Patients in the NF group were trained to upregulate brain areas responsive to positive emotions using a procedure modeled on our previous work with healthy participants [10]. A target area was identified by the contrast between responses to positive and neutral images in a localizer scan to ensure that an area involved in positive emotion processing was selected. In the localizer scan, we assessed brain responses to positive, negative and neutral pictures by presenting four pictures of the same emotion category in blocks of 6 s (1.5 s per picture), alternating with a fixation baseline of 12 s. We presented 12 blocks per category in pseudorandom order.

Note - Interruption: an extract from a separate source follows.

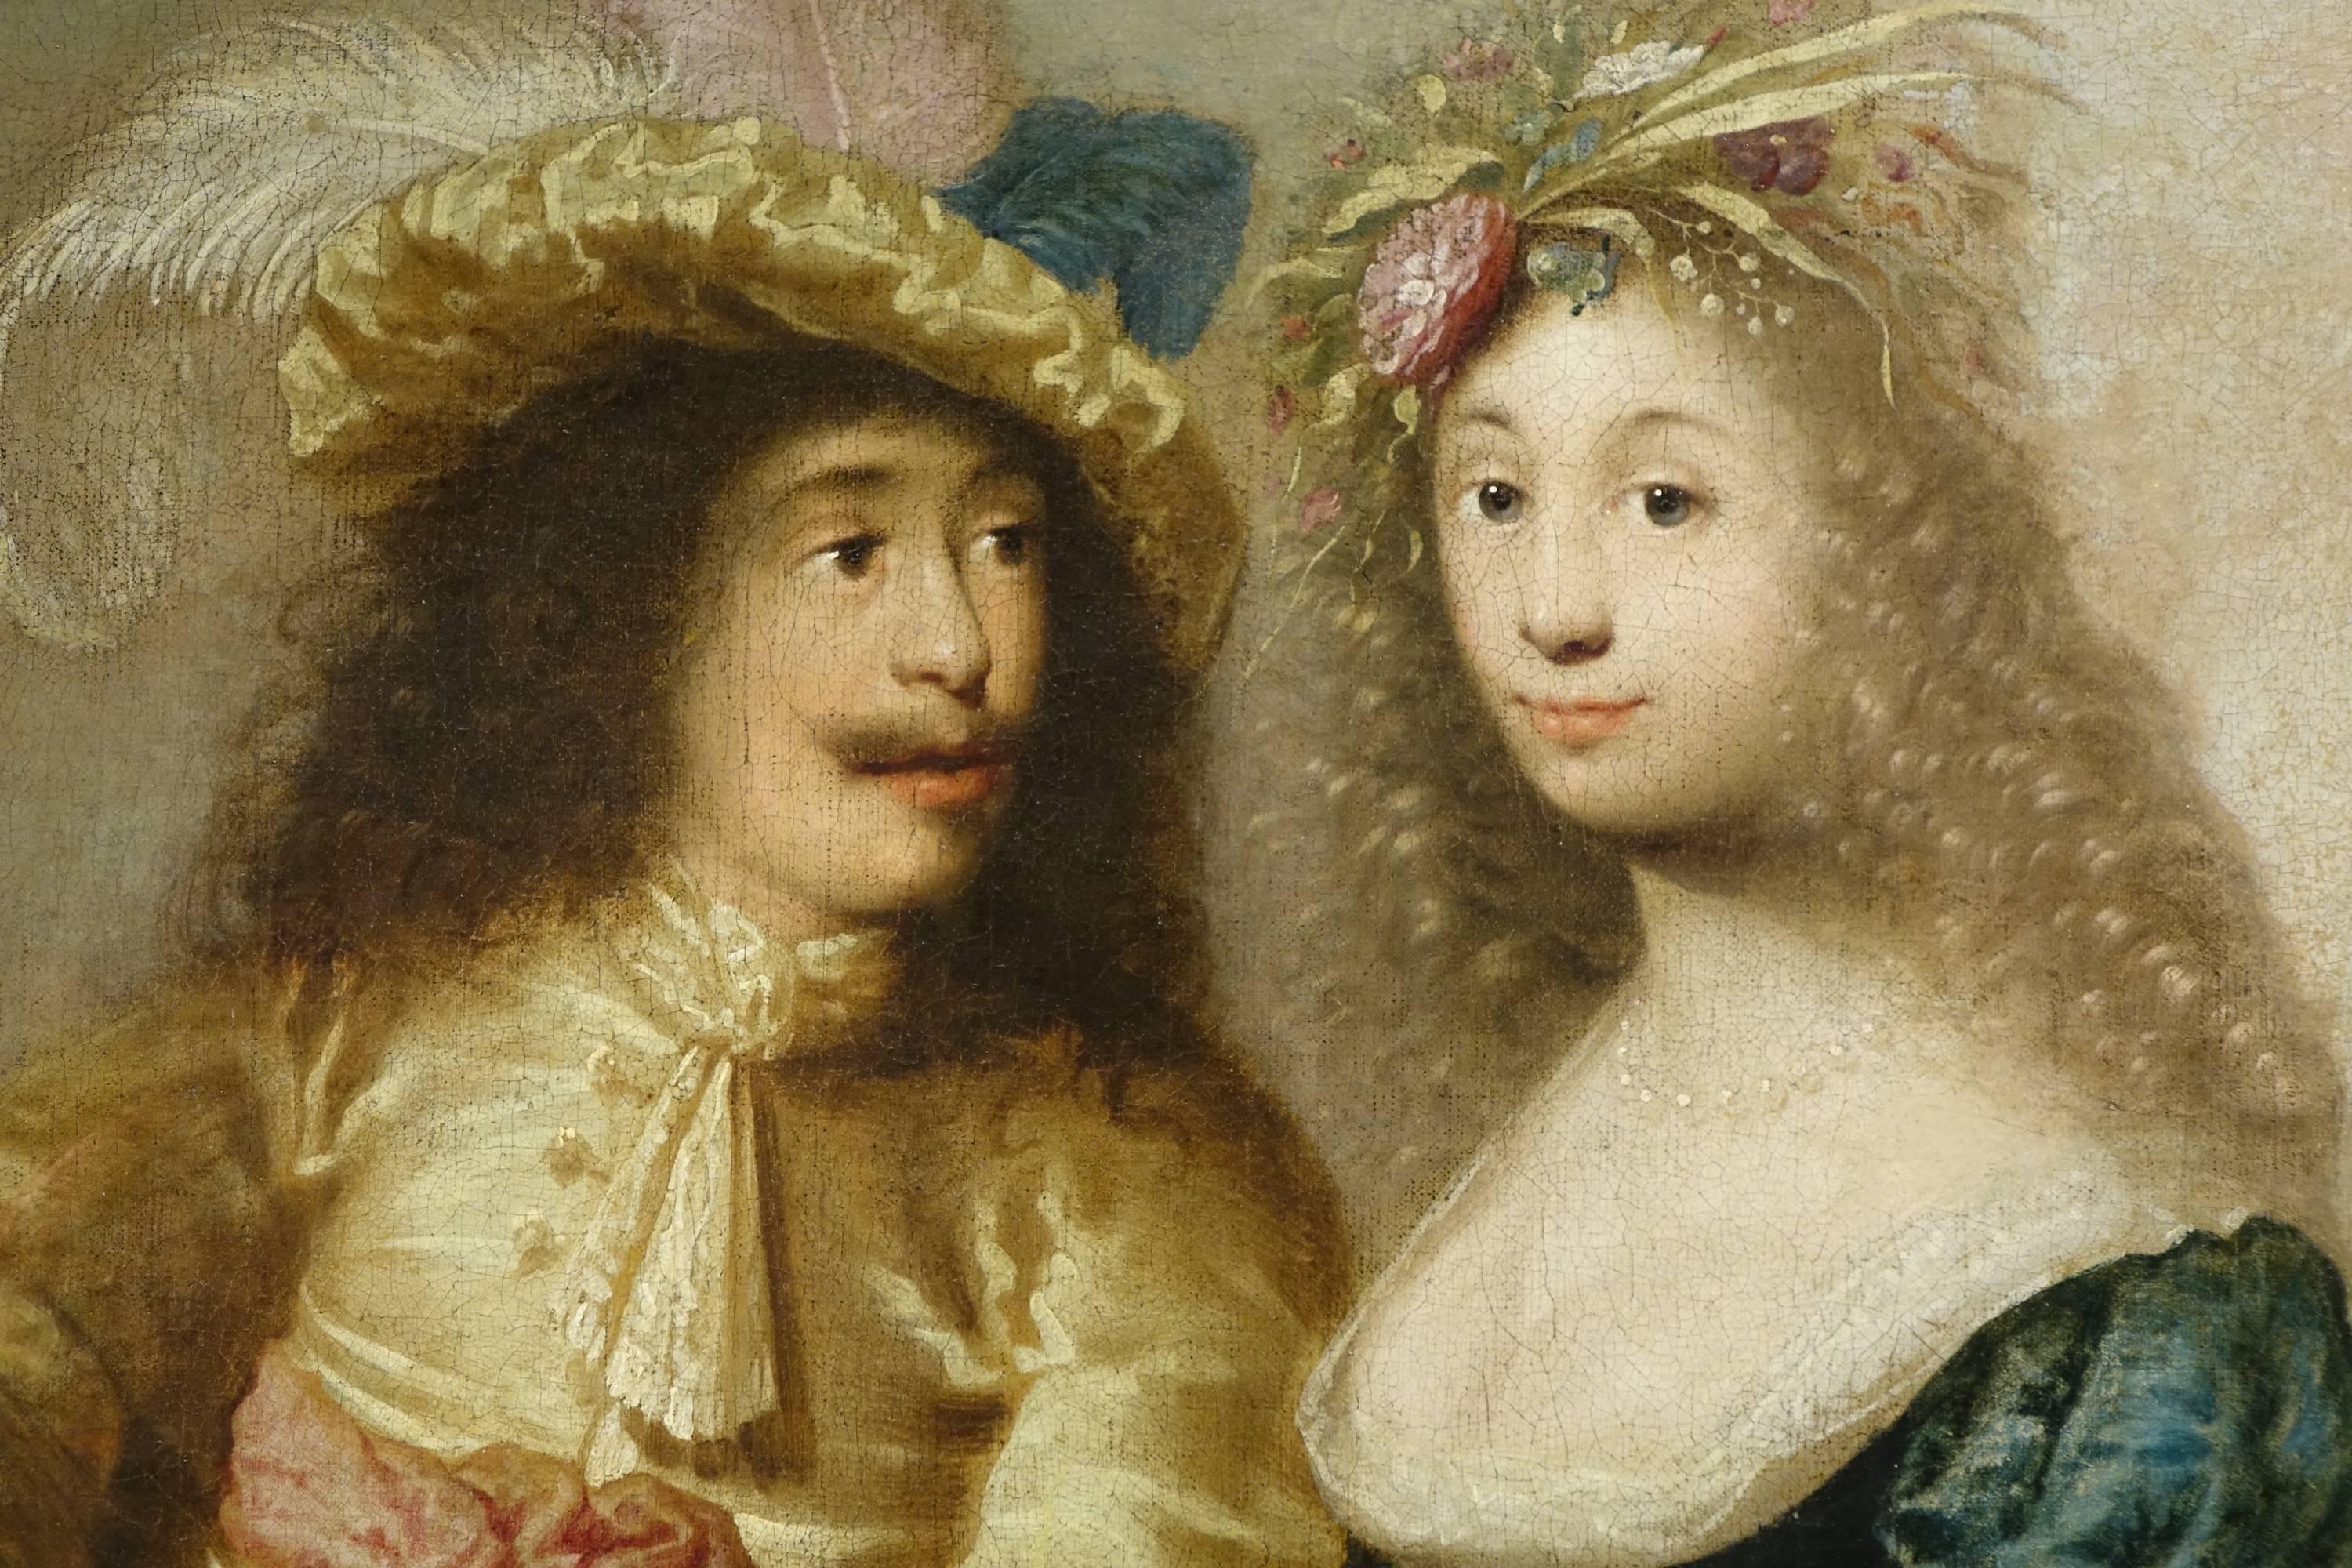 Portrait of a young couple of aristocrats,Flemish School 17th Century Oil on canvas
17th century period frame

We used pictures from the IAPS [15] with negative (mean normative ratings for valence 2.8 [SD.42], arousal 5.63 [SD.55]), positive (valence 6.90 [.55], arousal 6.00 [.74]) and neutral valence (valence 5.45 [.56], arousal 3.44 [.47]). Pictures showed, for example, scenes of danger or disgust in the negative category, and scenes of romance including mild erotica or exciting sports in the positive category. After the localizer scan, patients were trained to upregulate the target area during three neurofeedback scans lasting ca. 7 minutes each per session (Fig. 1). Patients were informed about the general function of the target area but were not given any specific instructions about strategy. The task we set for them was to increase activity in the target area by as much and as consistently as possible.

thumbnail
Figure 1. Neurofeedback protocol.

During the neurofeedback runs (3 in each of the 4 sessions), participants alternated between 20 s periods of rest and 20 s periods where they had to upregulate activity in the target area. The level of activation was fed back in real time (updated for each TR of 2 s) through the thermometer display.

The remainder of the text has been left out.